Google Heinlein and stobor, if this isn’t enough. Have a good trip and WOFS.

April 17, 2008 7:43 am

Totaly off topic, but in my very not expert observations, it looks like a new cycle 23 sun spot comming around from the back of the sun
http://sohowww.nascom.nasa.gov/data/realtime/realtime-update.html
REPLY: It’s ole number 987

Editor
April 17, 2008 10:07 am

Best of luck, Rev. Set ’em straight.
Someone ought to do an “Andy Warhol” version of a Stevenson Station. (Or a Sal Dali.)

Earle Williams
April 17, 2008 10:22 am

Gary,
Thanks for the flashback.

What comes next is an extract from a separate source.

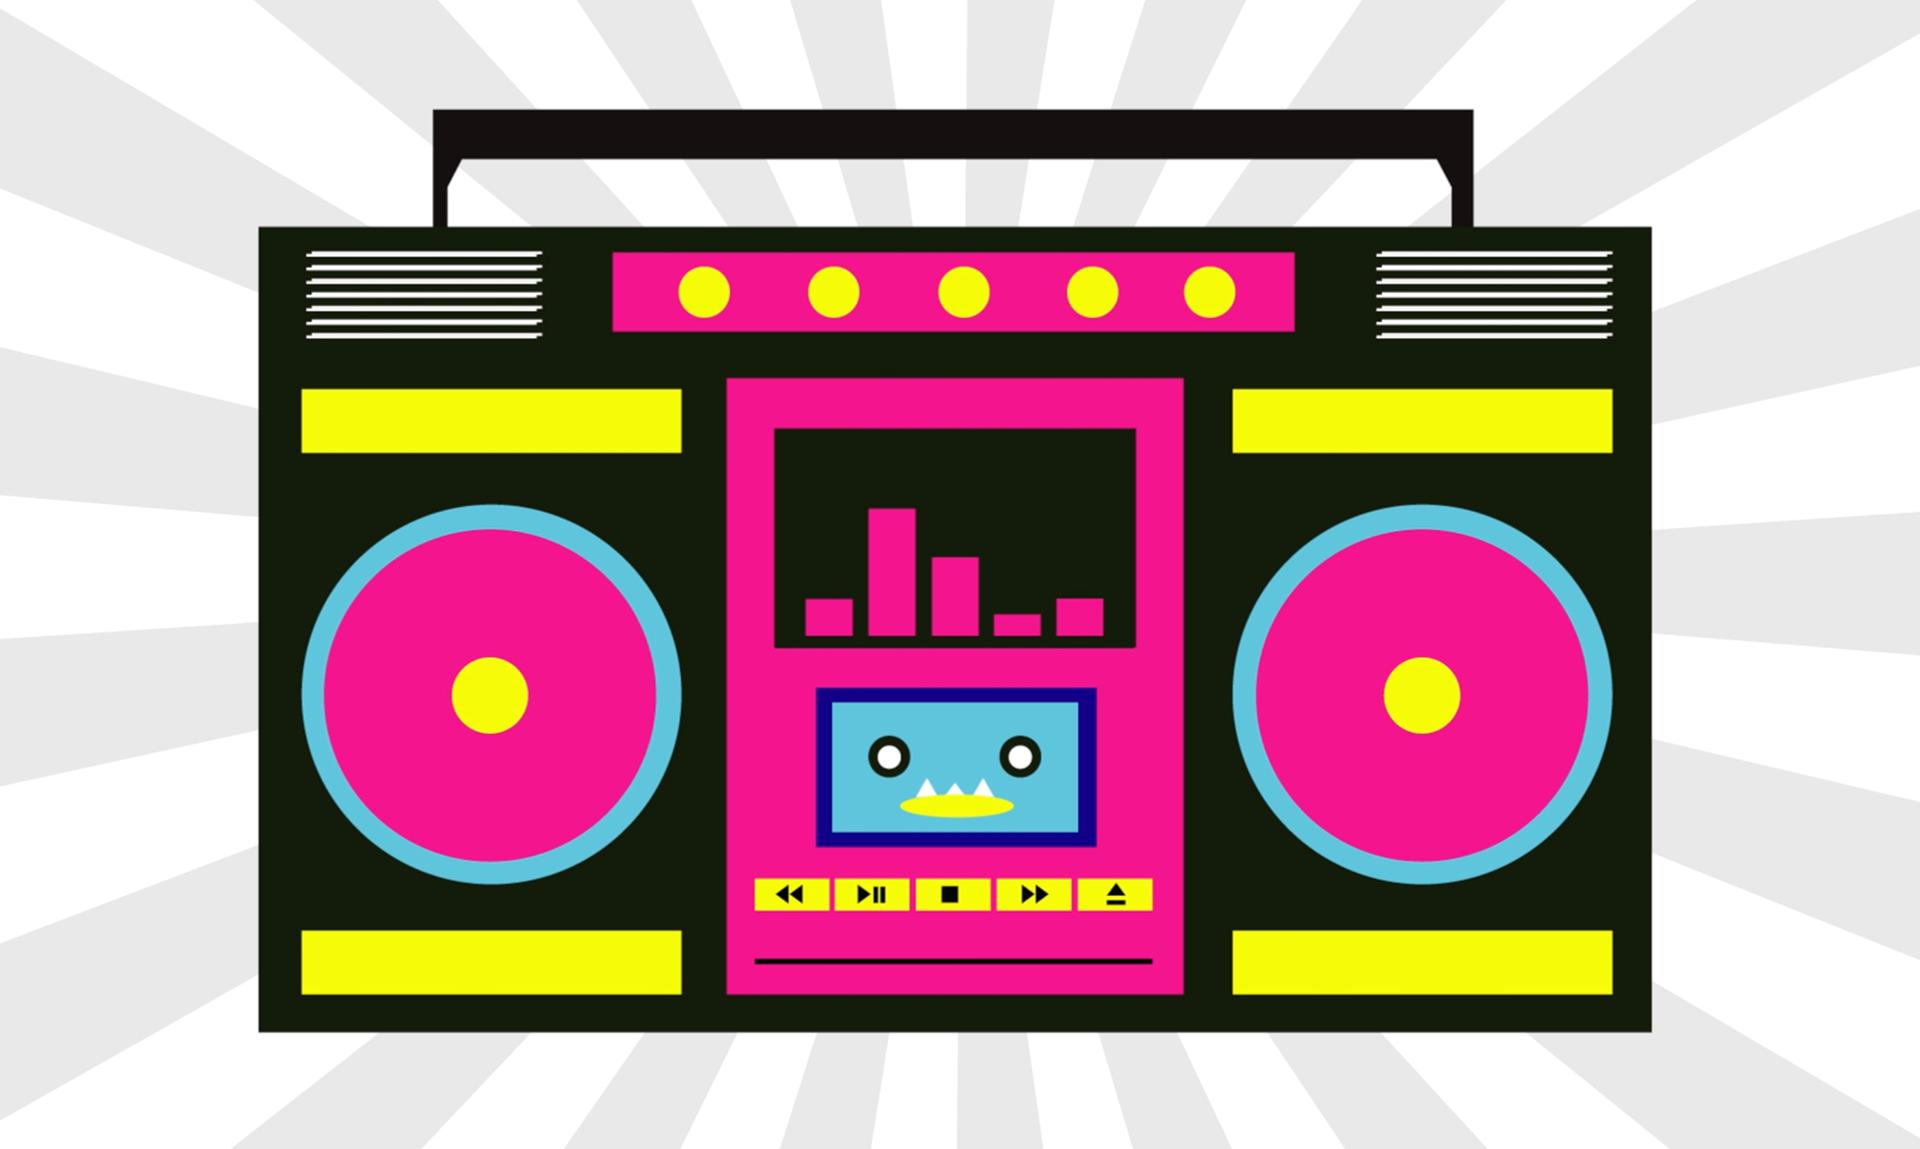 Boom box free download. Boombox clipart pink radio

I read that book in high school but wouldn’t for the life of me have remembered that quote.

Editor
April 17, 2008 11:48 am

I remembered the quote well.

April 17, 2008 12:23 pm

Have a safe trip, Anthony.
Looks like where I live (Tennessee) is virtually blank for a 100+ mile radius on the surface stations site, so if you’re not hitting that area during your travels, I’ll try to free up some time in the next 2 months to knock out one or two of them.
REPLY: What part of Tennessee?

April 17, 2008 1:18 pm

Memphis. Both Covington and Hernando, MS are within an hour’s drive.
REPLY: This is an area where we have virtually no coverage, so yes I’d welcome the help. We have a lack of stations in Arkansas as well.

Craig
April 17, 2008 1:32 pm

That painting could use more concrete, a building, and an air conditioner next to the SS, and it would be perfect.
REPLY: Your wish is my command…

April 17, 2008 1:35 pm

Great. I’ll register & download the materials tonight.

Gary
April 18, 2008 5:39 am

Where’s the screeching mercury monkey? 😉

Editor
April 18, 2008 7:18 am

That’s just us.
The volunteers are the “Thermometer Team”.